Give the data again exactly as written, skipping any pictures.

╭─ DATA SEGMENT

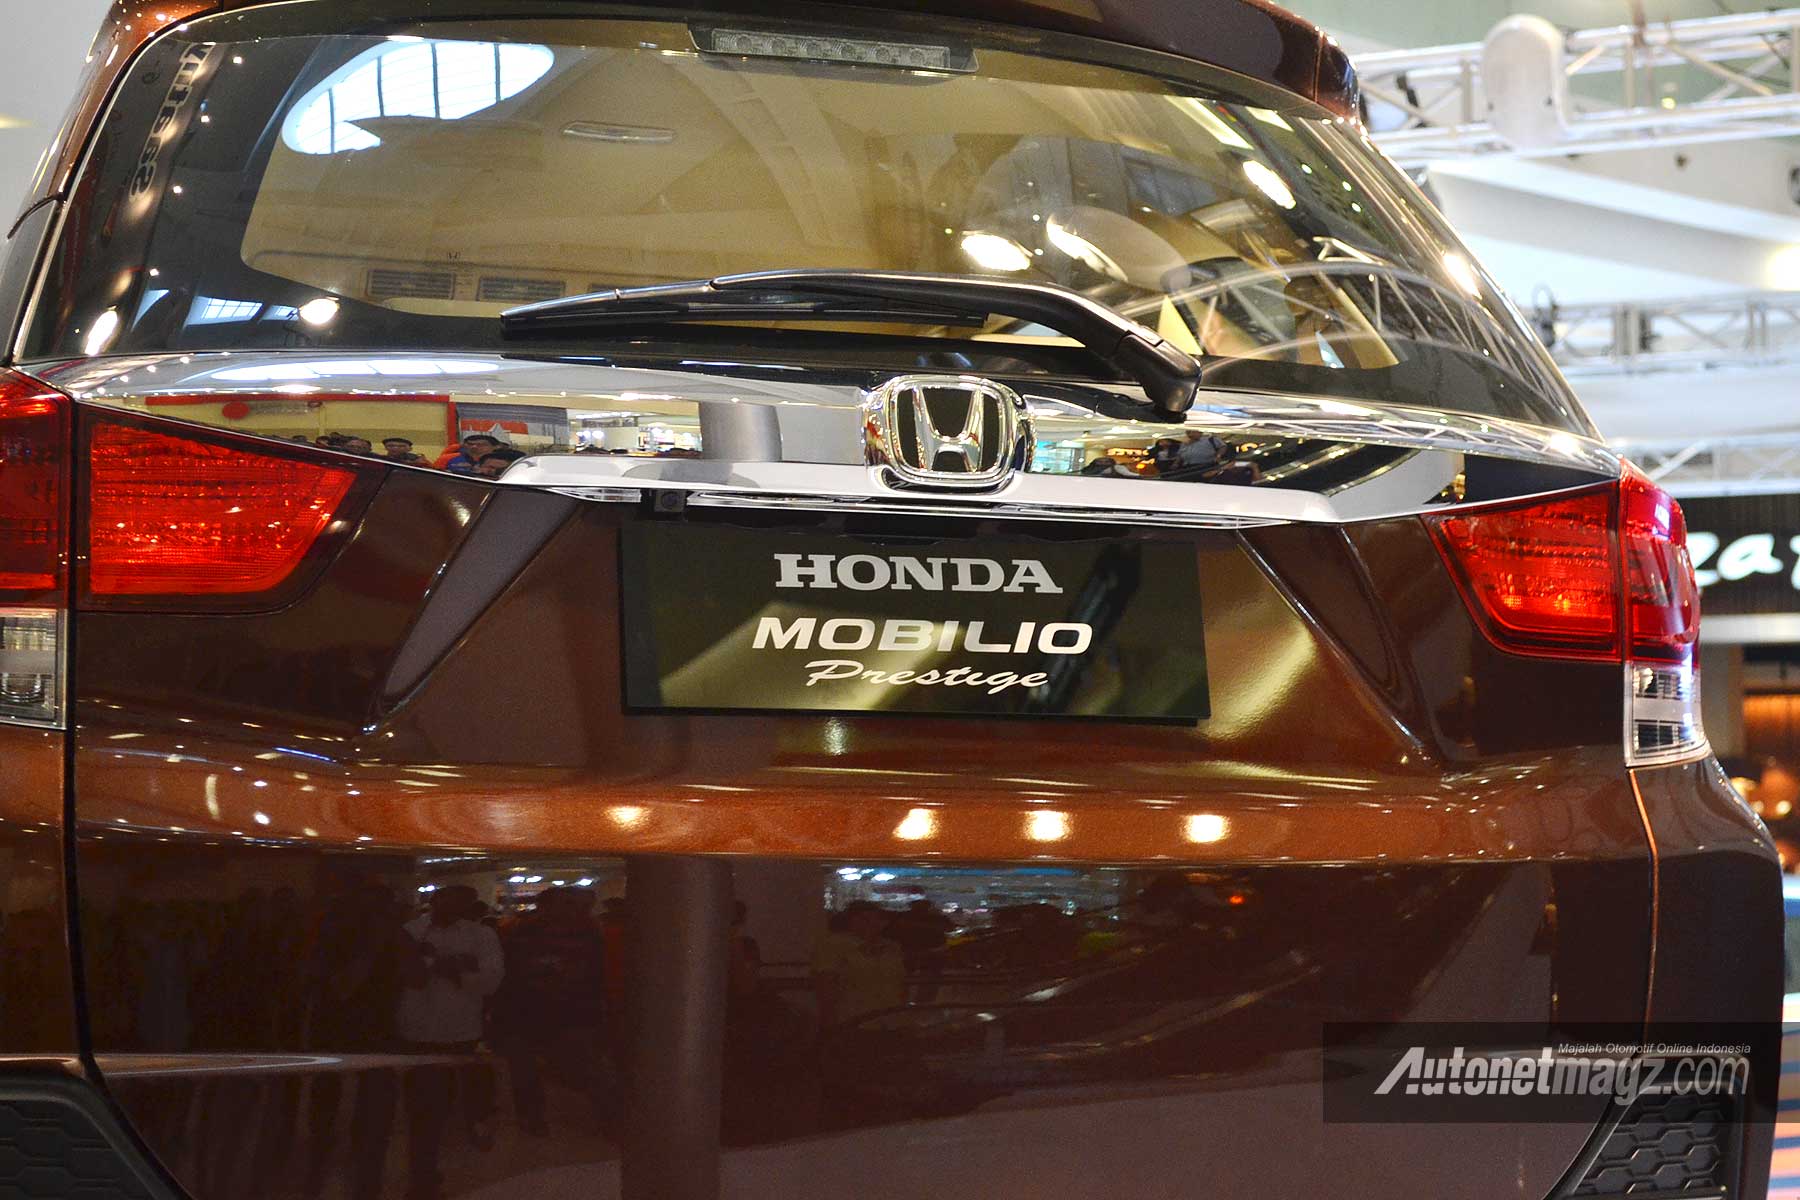 Honda, Honda Mobilio Prestige garnis krom belakang: Honda Mobilio Prestige 2014 Hari Ini Resmi Diluncurkan
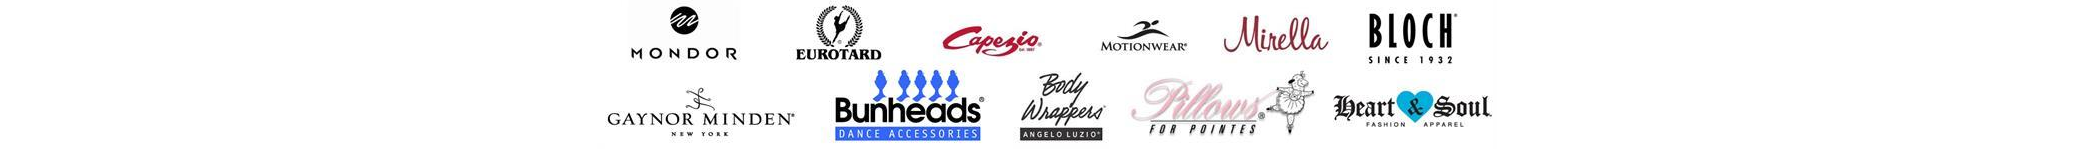 capezio bodywrapper bloch logos
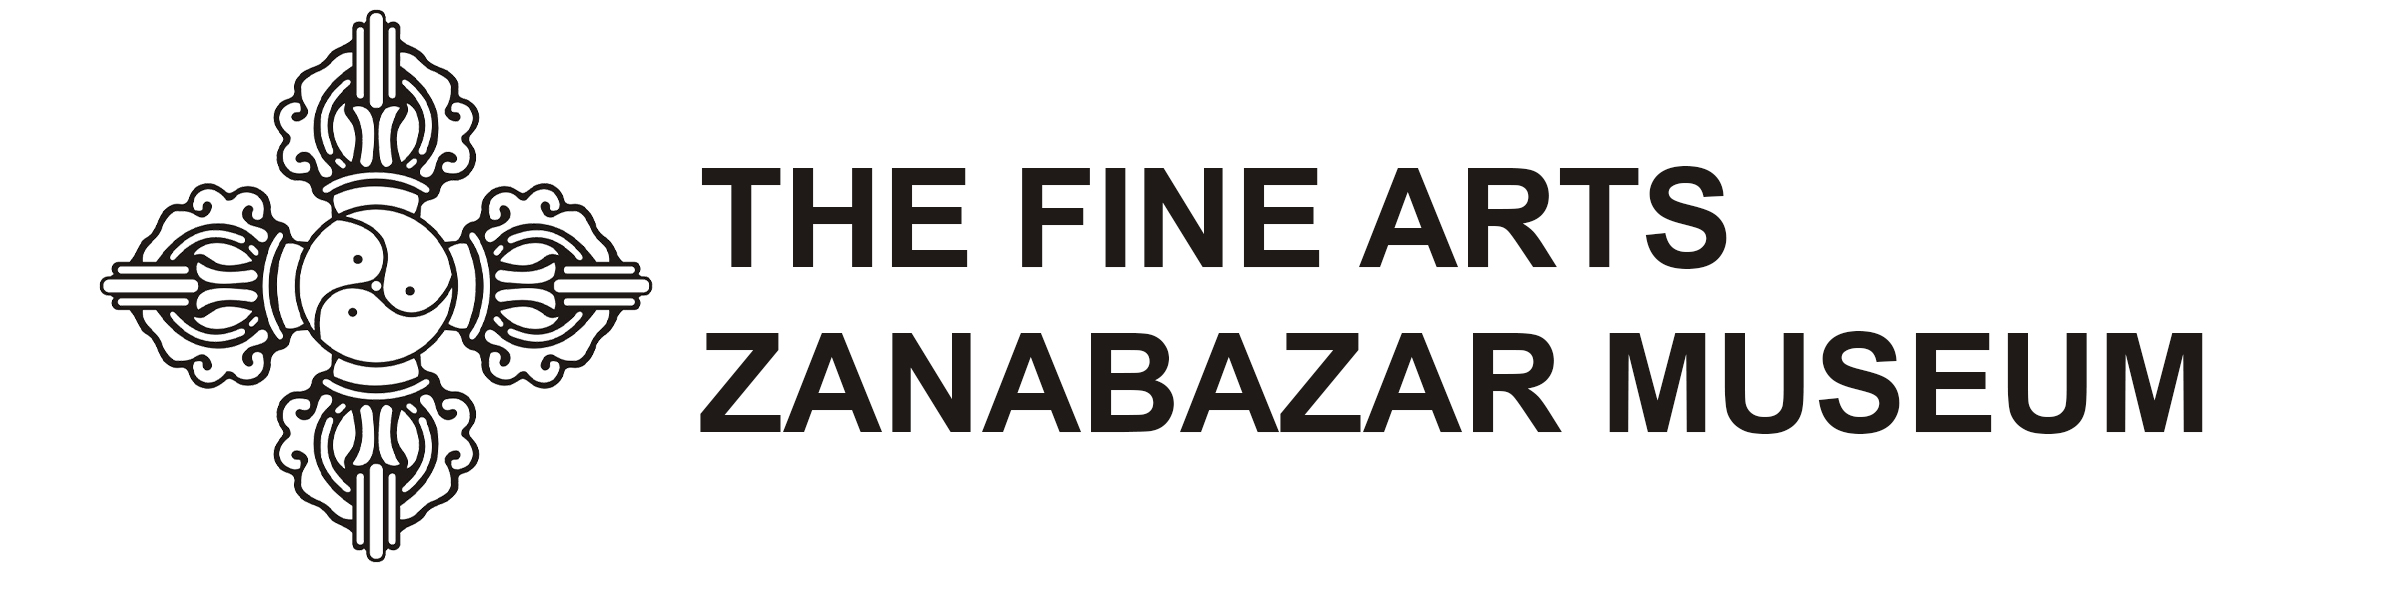 New Site: The Fine Arts Zanabazar Museum

╰─

* [ANSWER AREA]
 Honda, Honda Mobilio Prestige garnis krom belakang: Honda Mobilio Prestige 2014 Hari Ini Resmi Diluncurkan
 capezio bodywrapper bloch logos
 New Site: The Fine Arts Zanabazar Museum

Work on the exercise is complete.